Work instructions: In your copy, each line below is repeated exactly and no image appears.

Supplied material:

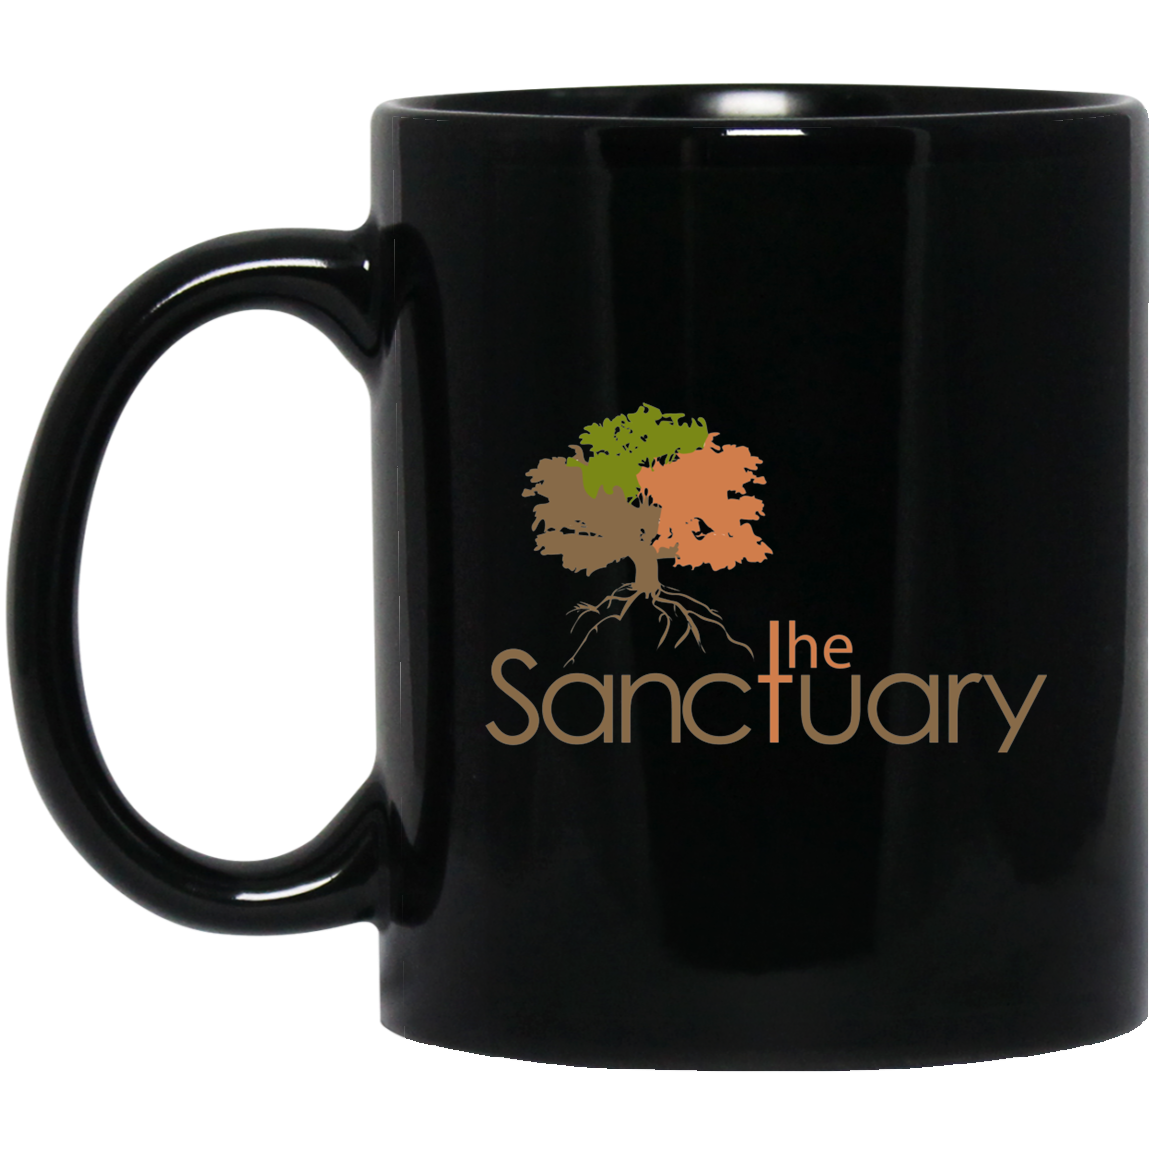 The Sanctuary - 11 oz. Black Mug
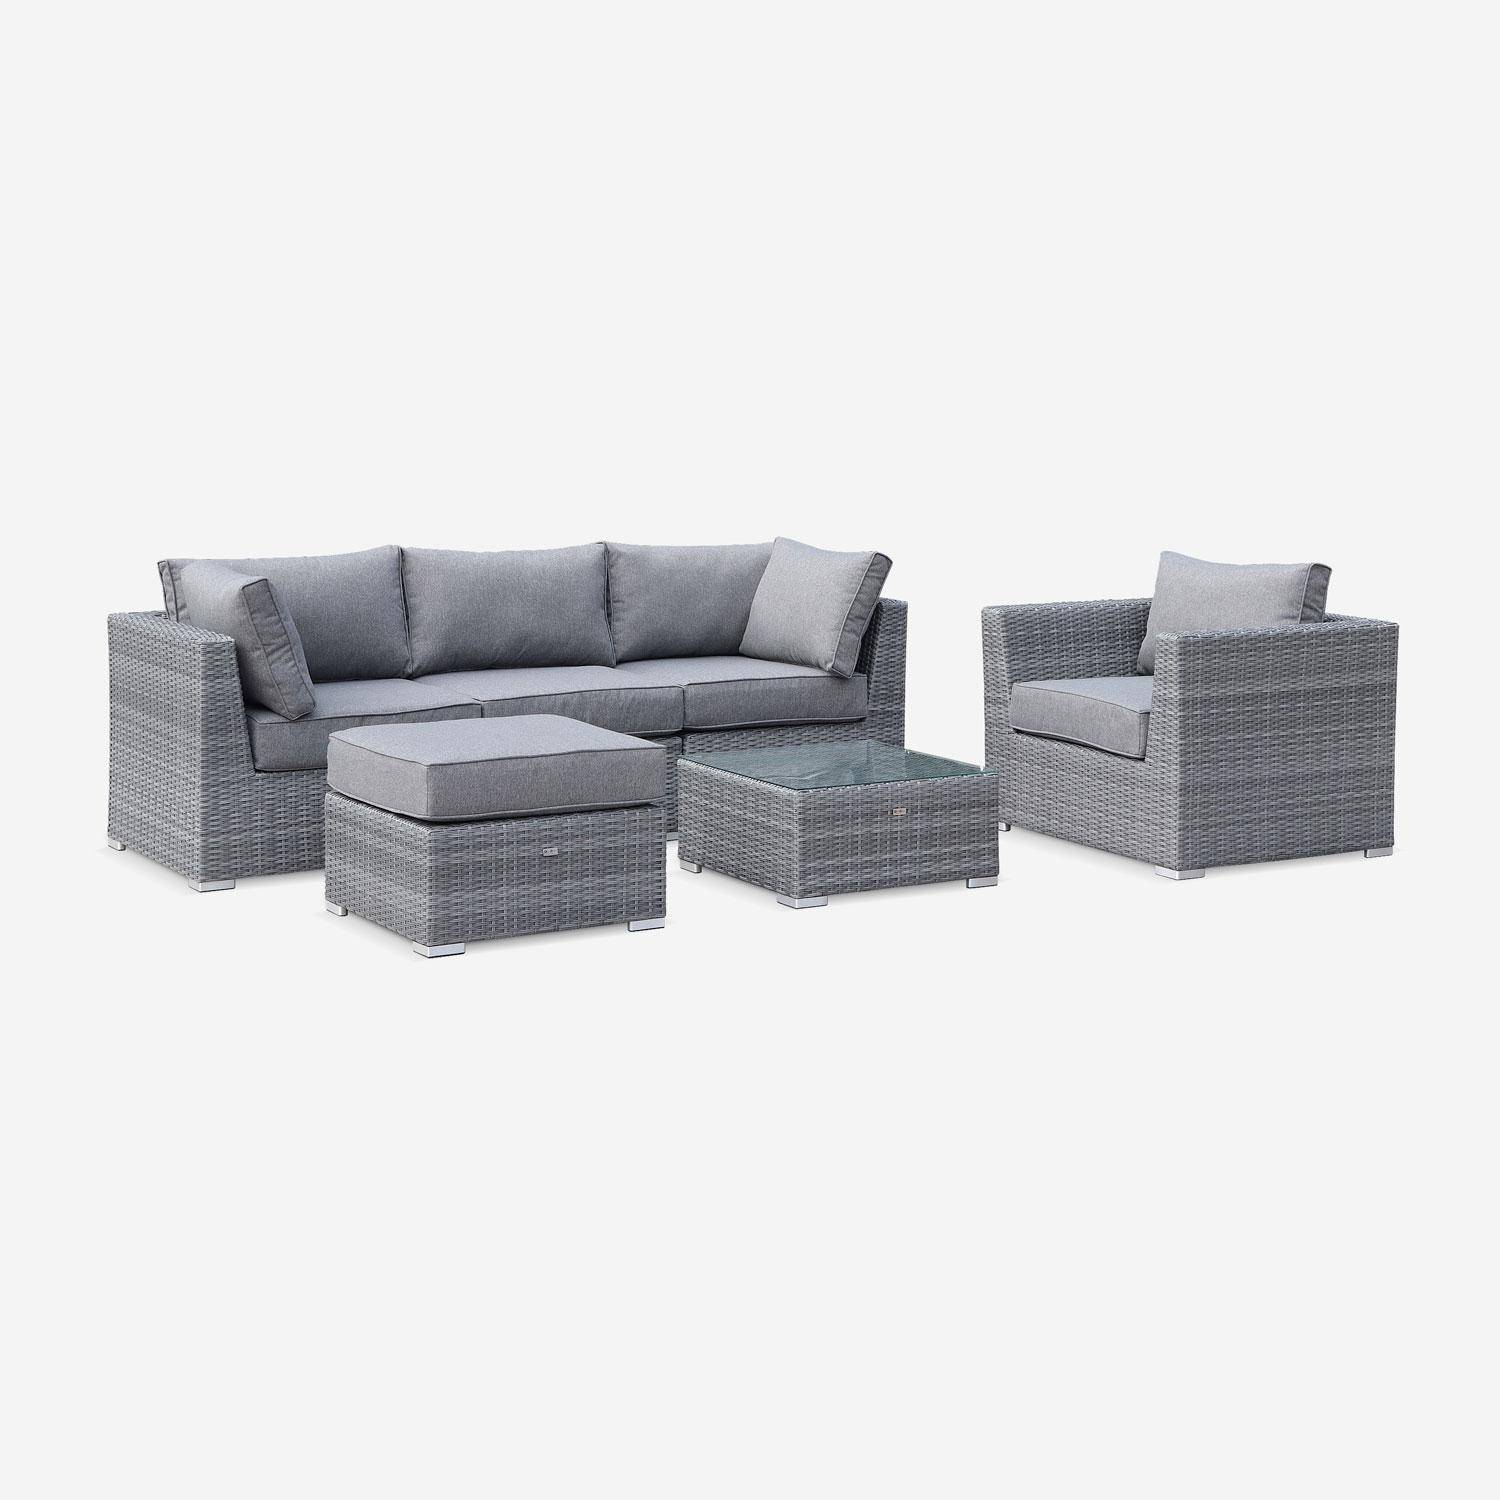 Muebles de jardín de resina trenzada redonda - VINCI - Cojines - 5 asientos, ajustable, ultra cómodo, de alta gama Photo2
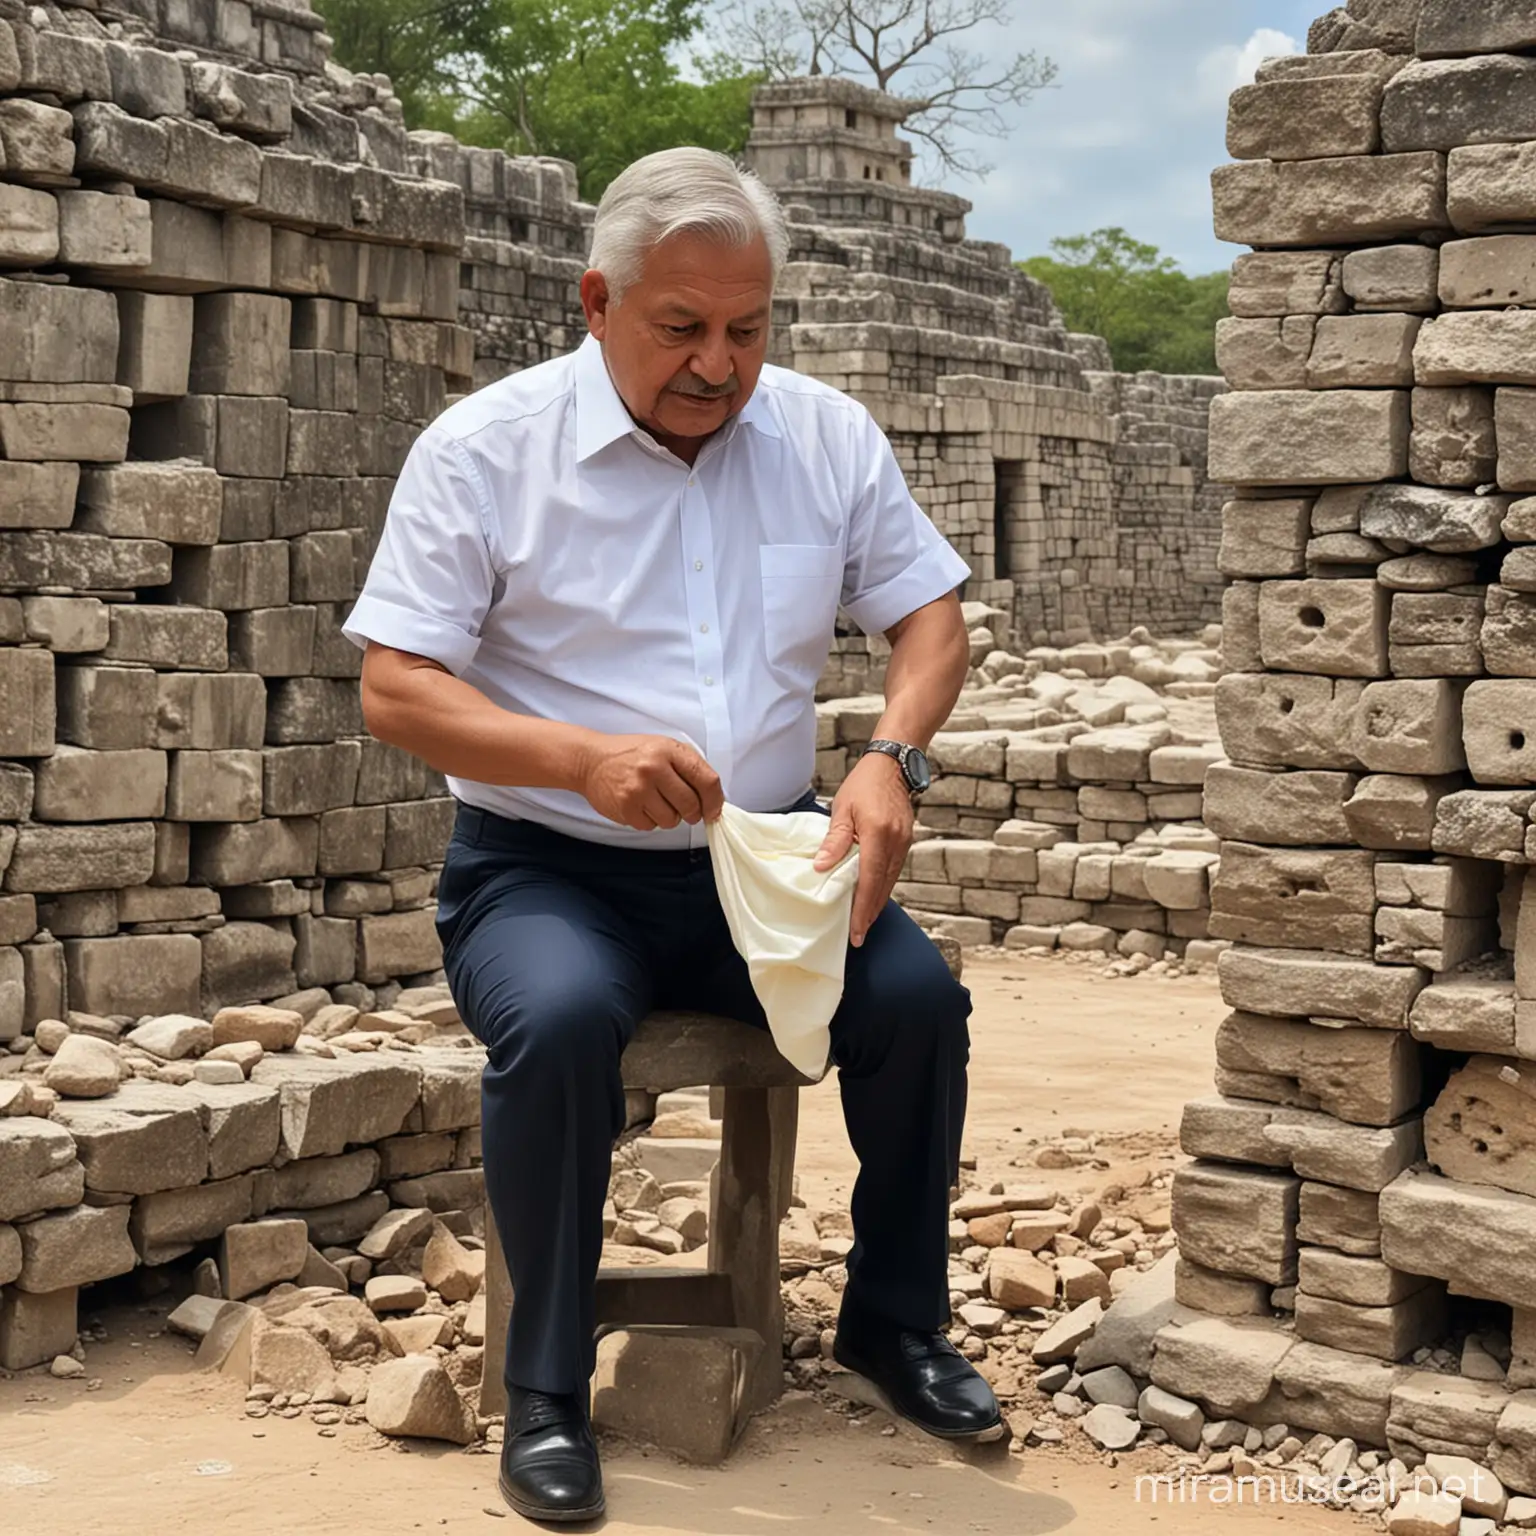 Andres Manuel Lpez Obrador Wearing Diaper at Mayan Ruins

Result of the task:
 The Sanctuary - 11 oz. Black Mug
 Muebles de jardín de resina trenzada redonda - VINCI - Cojines - 5 asientos, ajustable, ultra cómodo, de alta gama Photo2
 Andres Manuel Lpez Obrador Wearing Diaper at Mayan Ruins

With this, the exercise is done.